Elliott Management to Push Nielsen Holdings to Sell
" Wall Street Journal (08/12/18) Lombardo, Cara"

Elliott Management Corp. has acquired an 8.4% stake in Nielsen Holdings PLC (NLSN), according to a filing Monday, and plans to push the TV-ratings company to sell itself. Numerous private-equity firms have expressed interest in Nielsen and bidders could include Elliott, according to sources. The company has been struggling in a rapidly changing retail environment, and it recently announced CEO Mitch Barns would step down at the end of this year. It has begun a search for his successor.  Elliott believes the company's “buy” segment has failed to keep up with competitors such as IRI, which has invested in data-intensive offerings, while Nielsen has continued to depend on its employees to provide analysis to clients, sources said. The fund wants Nielsen to launch a strategic review of the entire business rather than just the “buy” segment. Meanwhile, a Nielsen spokeswoman said the firm's board of directors continues to evaluate how to best position the business and is open to the views of its owners, including Elliott.  

Icahn Dealt Another Blow as Glass Lewis Supports Cigna Deal
" Bloomberg (08/11/18) Deveau, Scott"

Glass Lewis & Co. has advised Cigna Corp. (CI) shareholders to vote for the company’s $54 billion deal for Express Scripts Holding Co. (ESRX) at an Aug. 24 shareholder meeting. The proxy advisor's recommendation—which echoes that of Institutional Shareholder Services Inc.—marks a setback for Carl Icahn's efforts to block the deal. “We find the proposed merger both strategically and financially compelling, structured in a reasonable manner from a valuation standpoint for Cigna shareholders,” Glass Lewis said in its report Friday. Icahn, who owns a 0.56% stake in Cigna, has argued the insurer is “dramatically overpaying” for Express Scripts. While he has admitted he faces an uphill battle to upend the deal, the billionaire investor has urged Cigna investors to vote against it, based in part on the threat from Inc. (AMZN) to Express Scripts's future. Icahn said he believed Cigna should pursue a multiyear partnership rather than a takeover, and use its cash to buy back shares.
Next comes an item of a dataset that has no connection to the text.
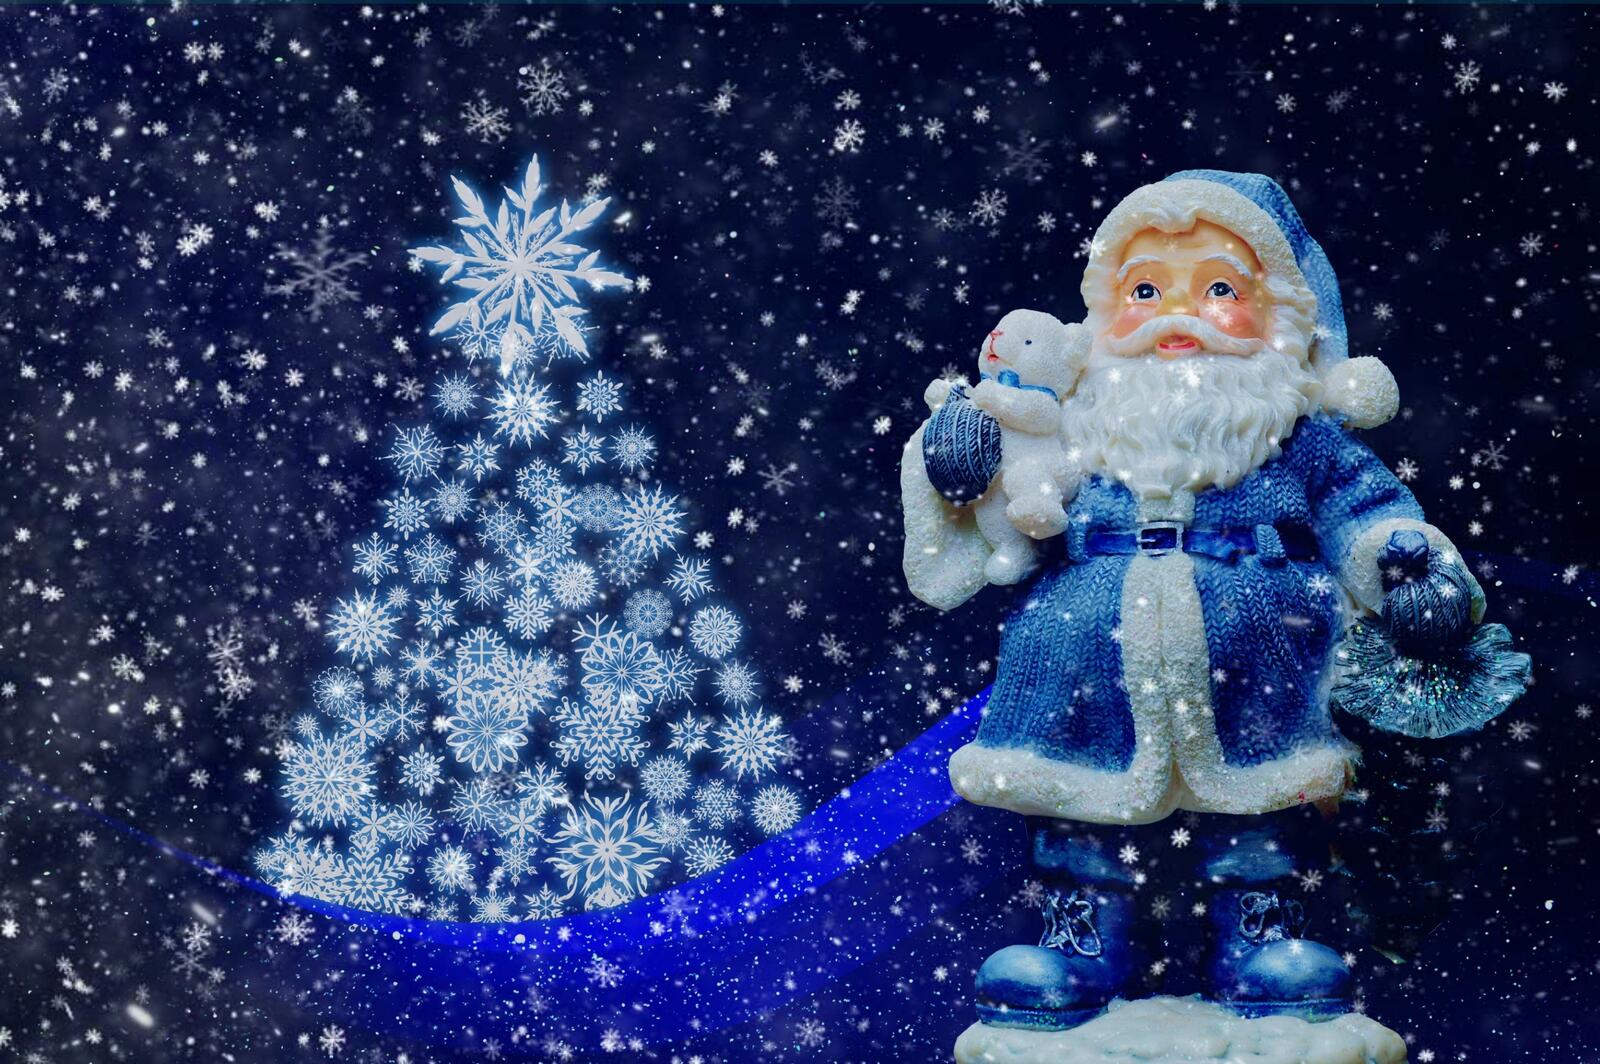 Wallpapers Christmas style Christmas decoration items Santa Claus on the desktop
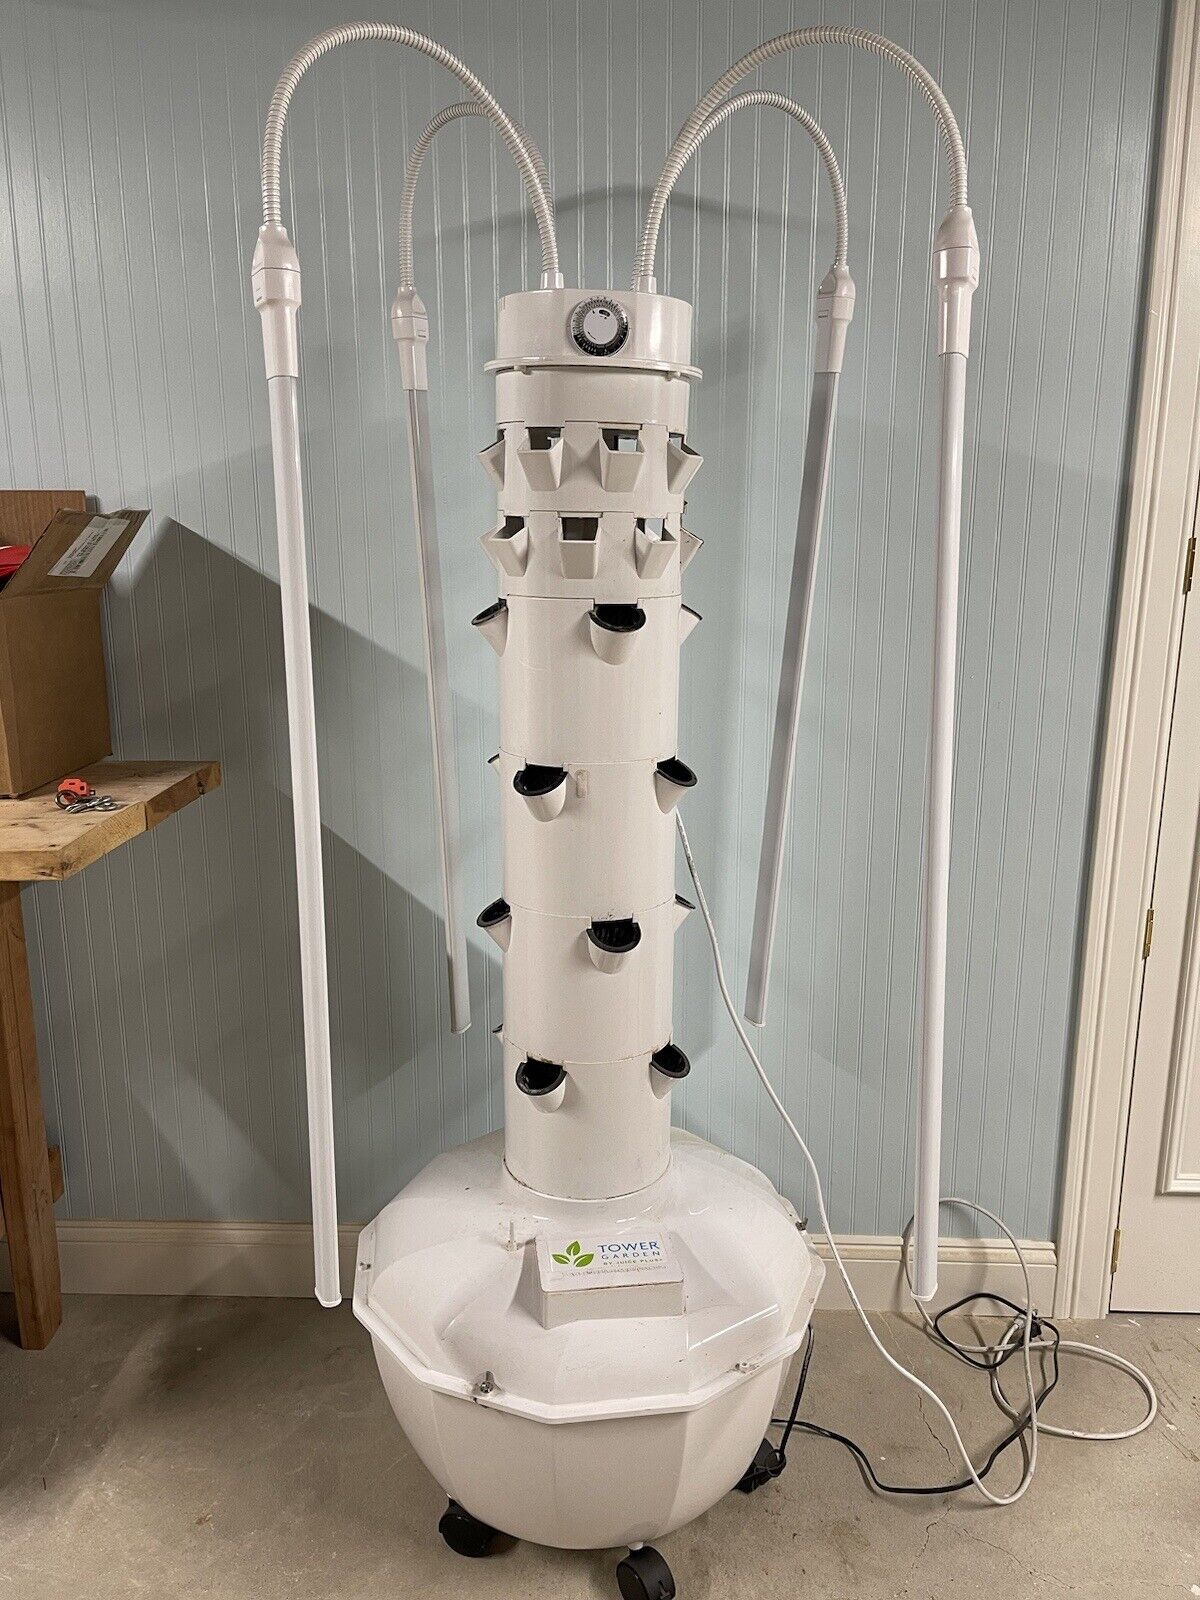 Tower garden HOME By juice plus

He said he believes Cigna could be worth $250 a share on a standalone basis and that Express Scripts, which he holds a short position in, would be worth less than $60 a share. Cigna closed Friday at $183.28 while shares in Express Scripts ended the trading day at $83.64. Glass Lewis said it believed the merger was set at a reasonable price, and would create a more diverse and integrated business model in the changing healthcare industry.

Thyssenkrupp Needs New Strategy, Targets Not Enough: Investor
" Reuters (08/11/18) Käckenhoff, Tom"

A Thyssenkrupp shareholder is unsatisfied with mid-term targets announced last week and is calling for a strategy overhaul led by a new CEO. Union Investment owns just a 0.2% stake in the German conglomerate, but has been one of its most vocal shareholders and repeatedly pressed management to seek a deeper restructuring. “Thyssenkrupp needs a strategy shift. This is easier to achieve when someone new comes in from the outside,” said fund manager Ingo Speich said. Thyssenkrupp has been in crisis after both its CEO and chairman stepped down in July following shareholder pressure to boost the share price, which has dropped one-third since 2011. A recent profit warning has escalated matters for interim CEO Guido Kerkhoff, who served as CFO but has taken the helm until a long-term successor is found. “(Kerkhoff) stands for the old strategy. It would send a stronger signal to capital markets if the new CEO came from the outside,” Speich said. “A good combination could be a new external CEO who will be supported by Kerkhoff.” Speich, along with bigger shareholders Cevian and Elliott, does not support an outright breakup of the company but said there should be a more active management of its portfolio. “This includes replacing some areas or strengthening them via acquisitions. This could also result in the addition of jobs,” he said.


Developments in Governance and Disclosure: Three-Year Shareholder Proposal Trends
" Lexology (08/13/18) Kimball, Robert L.; Fortt, Sarah E."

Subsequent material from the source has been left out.